Он замолк и грустно задумался о чем-то, глядя на книжные груды и танцующую в солнечном свете пыль.
- Ребенок не умрет. - Он тихо вздохнул, точно сожалея об этом. - Он вырастет идиотом. Нет, не идиотом - никем. Он станет никем. У него не будет памяти. А что такое душа, студент, как не память? Понимаете теперь, зачем мне нужна ваша душа?

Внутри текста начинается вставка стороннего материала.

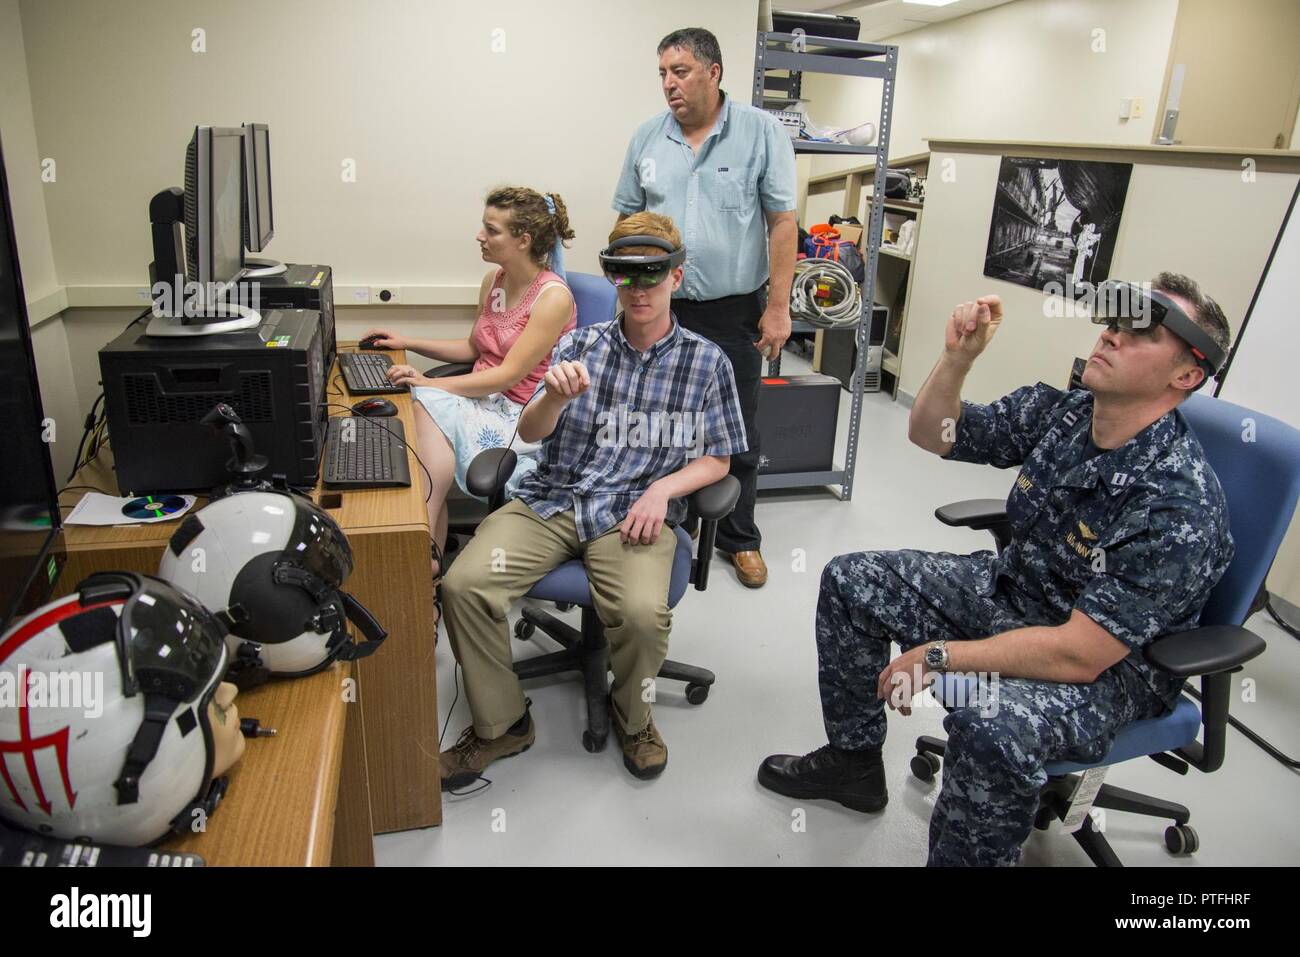 Rachel Meyerhofer and Jeffrey Banghart, student interns temporarily assigned to Naval Surface Warfare Center, Carderock Division's Disruptive Technology Laboratory (DTL) under the Naval Research Enterprise Internship Program (NREIP), respectively, work with Lt. Brian Hart under the supervision of DTL deputy director and NREIP mentor Harry Whittaker to stream video from one Microsoft Hololens augmented reality heads-up display to another as part of a project they are working on for the next version of the Optionally Manned Technology Demonstrator (OMTD) in West Bethesda, Md., July 21. The DTL a Stock Photo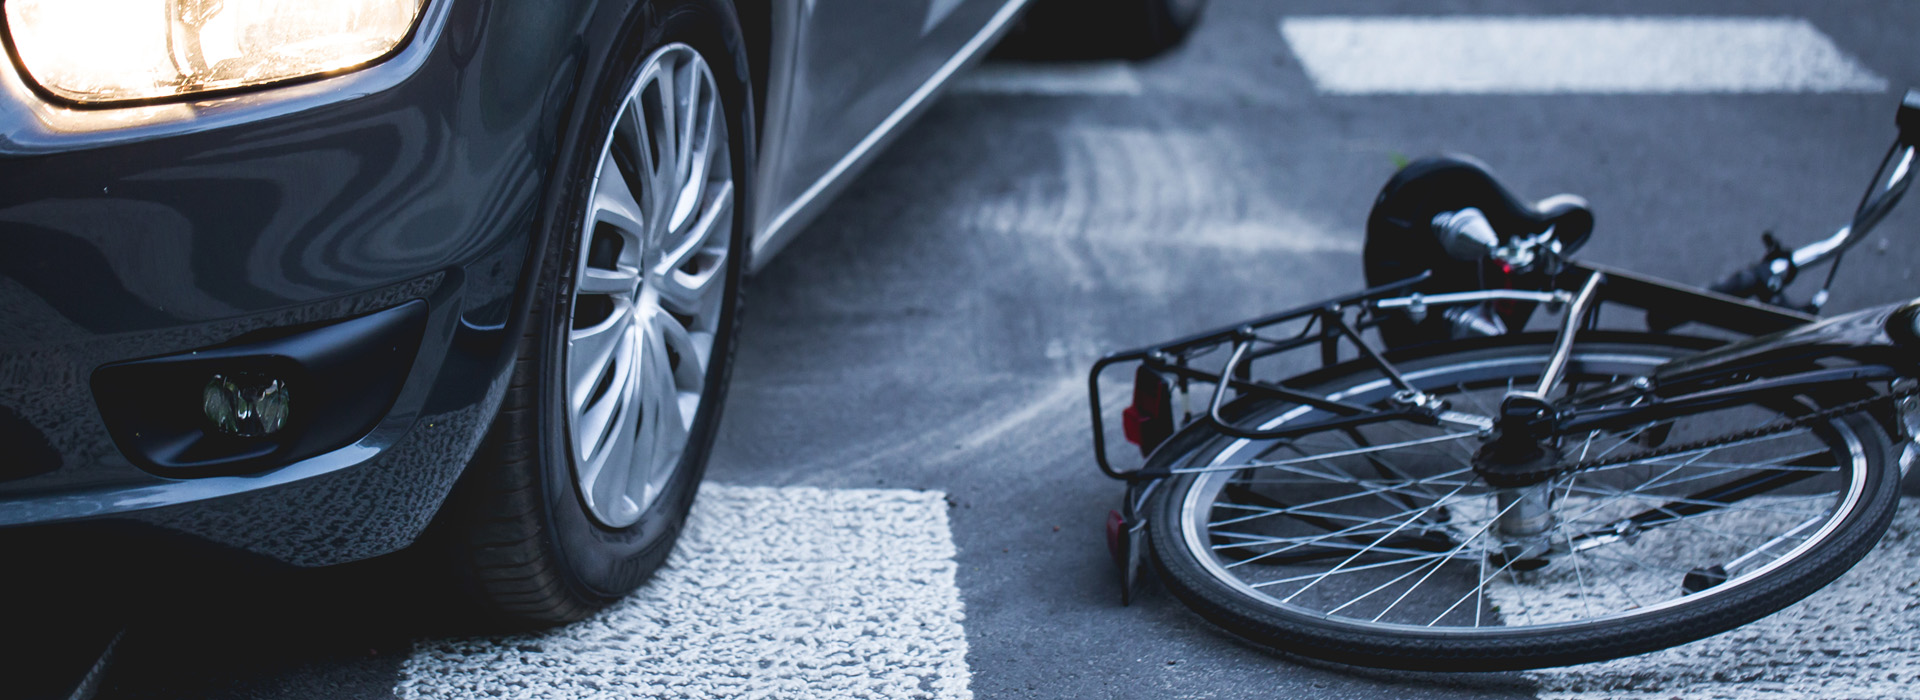 Bike Accidents and Car Collisions

Гудят гудки на "Вайроге" и ВЭФе. К набережной везут противотанковые ежи и мешки с песком. Проходят хмурые ополченцы. У некоторых винтовки с узкими штыками, зеленые противогазные сумки через плечо.
На Известковой улице убили командира. Стреляли с чердака. Говорят, в лесах орудуют целые банды. Портят дороги, перерезают провода, убивают красноармейцев и беженцев.
Самолеты почти не бомбят нас. Они летят дальше на восток. Черные кресты, оттененные белыми уголками, вертикальная желтая полоса перед хвостом. Я видел сбитый юнкерс. Груда алюминия, переплетение тросиков, искалеченные приборы. Он напоминал мертвого зверя. Красивого и беспощадного.
В зоопарке долго выла раненная осколком гиена. И дети не толпились перед клетками.
Ветер рвал торопливо прилепленные к стенам плакаты. Но в кондитерских пили кофе, ели пирожные.
Я бродил по городу, как лунатик. Мне казалось, что он пуст - мертвый Брюгге, охваченный немотой и оцепенением. И когда с реки подымался туман, съедающий мосты и звуки, на меня накатывала тоска! Хотелось выть на расплывчатое пятно луны. Я спускался к воде и провожал угасающий масляный свет на ней. Вдыхал сырой, чуть гнилостный запах и прислушивался к крику чаек. А нефть все горела, и медленно падал черный пушистый снег. В воздухе бесшумно лопались и растворялись мертвенным светом ракеты. Их отражения змеились в воде апериодическими синусоидами. Это были энцефалограммы агонии.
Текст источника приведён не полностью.